Fade from black into the morning, grainy sun peeking through the amorphous grey clouds frosting the blue cake sky, the tint unpredictably darker in patches above great green fields. The camera pans to Lucy, laying in bed with her hair tousled and her cherubic countenance — it’s clear she has been sleeping, but she looks like she’s fully made herself up in the hopes of convincing the audience that she naturally looks this good. The red numbers on her bedside alarm clock switch from 5:59 to 6:00, and the radio switches on. The gentle melody of “Dance (A$$)” fills the room, and white letters flash across the screen — the next episode of “I Don’t Love Lucy But I Do Like Her A Lot” has begun.
Lucy groggily stretches her arms above her head and jumps out of bed. She does a spin move and is suddenly fully dressed, ready to take on the day.
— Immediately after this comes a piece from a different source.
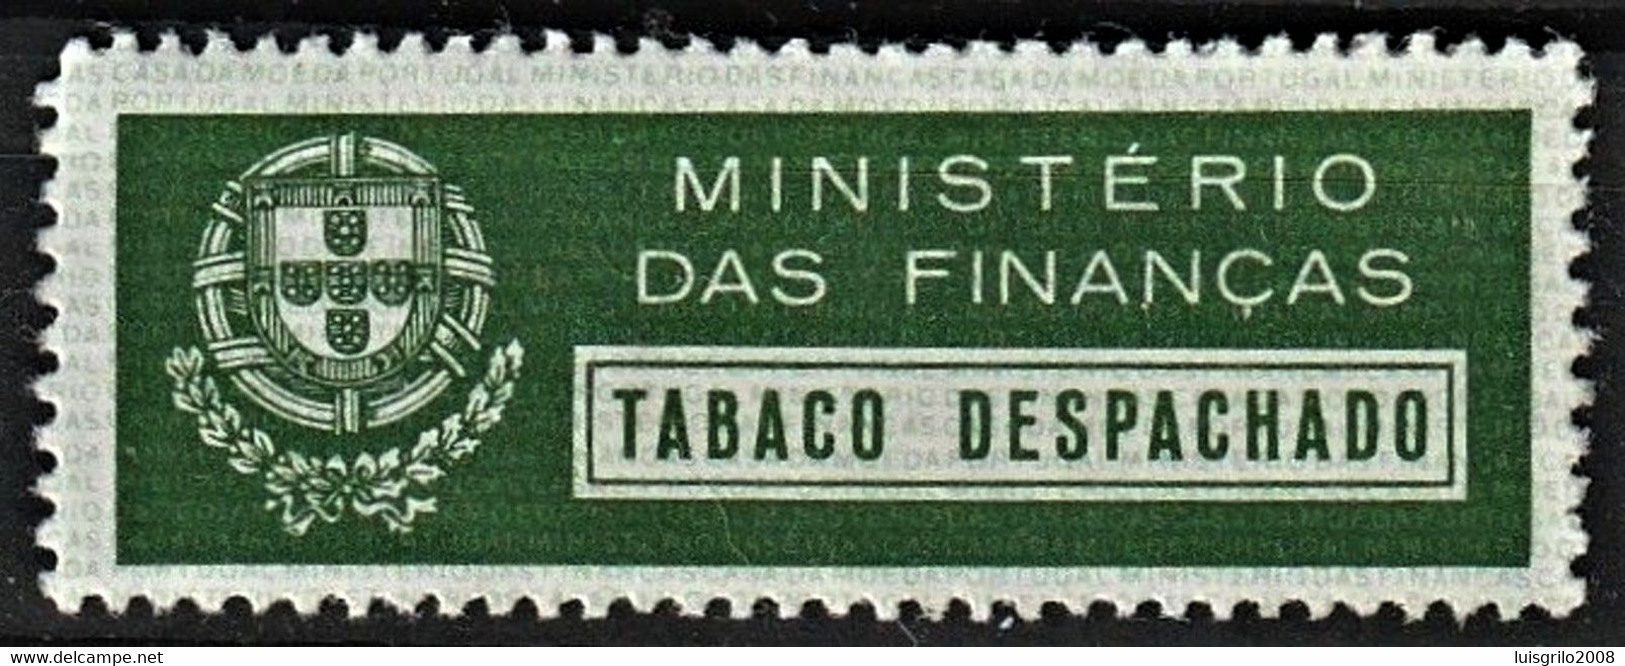 Fiscal/ Revenue, Portugal - Tabac/ Tobacco Tax, Imposto Sobre Tabaco - |- 1948, Tabaco Despachado - Novo, MNH** - Ongebruikt

The camera cuts to her shoes as she bops around on her carpeted floors. Her feet leave the floor, and when they land again, she’s walking up 14th Street.
Strewn next to her white Reeboks are crushed cans of beer, red plastic cups and puddles of suspicious liquids. As her foot lands in a particularly chunky pile of slush, Lucy knowingly smiles and wipes her bare hand across the stain on her shoe. She raises the substance to her nose and inhales — “Floko vom,” she laughs to her companion. “The drinking habits of people at U.Va. are so totally adorable.” Lucy gazes endearingly at her friend as they step through a cloud of vape smoke and past a house blasting Mr. Brightside. Today is shaping up to be the latest in a line of perfect Mondays.
Cut to class. Lucy is sitting in her politics lecture, listening to a male professor explain Lockean theory about the natural rights of man, which includes the right to property. Mid-note taking, she remembers that Locke only intended that these rights be extended to white men, and that the institution of marriage began as a contract formalizing a man’s ownership of a woman. And then Lucy remembers that Lockean theory is fundamental to both the Declaration of Independence and the Constitution. And then Lucy thinks about men like Brett Kavanaugh, who objectify and undermine women but are still given significant institutional power — and she wonders if maybe the moral basis of the United States’ governing systems is flawed, built upon broken ideas. And then Lucy crunches on a hummus-covered carrot.
Lucy continues throughout her day, singing with the various songbirds around Grounds, comically dropping a pile of papers in the middle of the classroom, and laughing with her one very clearly alt best friend and the unassuming male character who makes up the third member of her best friend trio. The three giggle over a shared pizza, and Lucy for a moment forgets that she’s eating in a town where nearly a fifth of the residents are food insecure. Pizza sauce remains on her chin as she smiles at her friends, and Lucy appears thankful to live in a place as perfect as Charlottesville. The screen fades to black, and credits roll as “Just Another Day in Paradise” fills the stereo.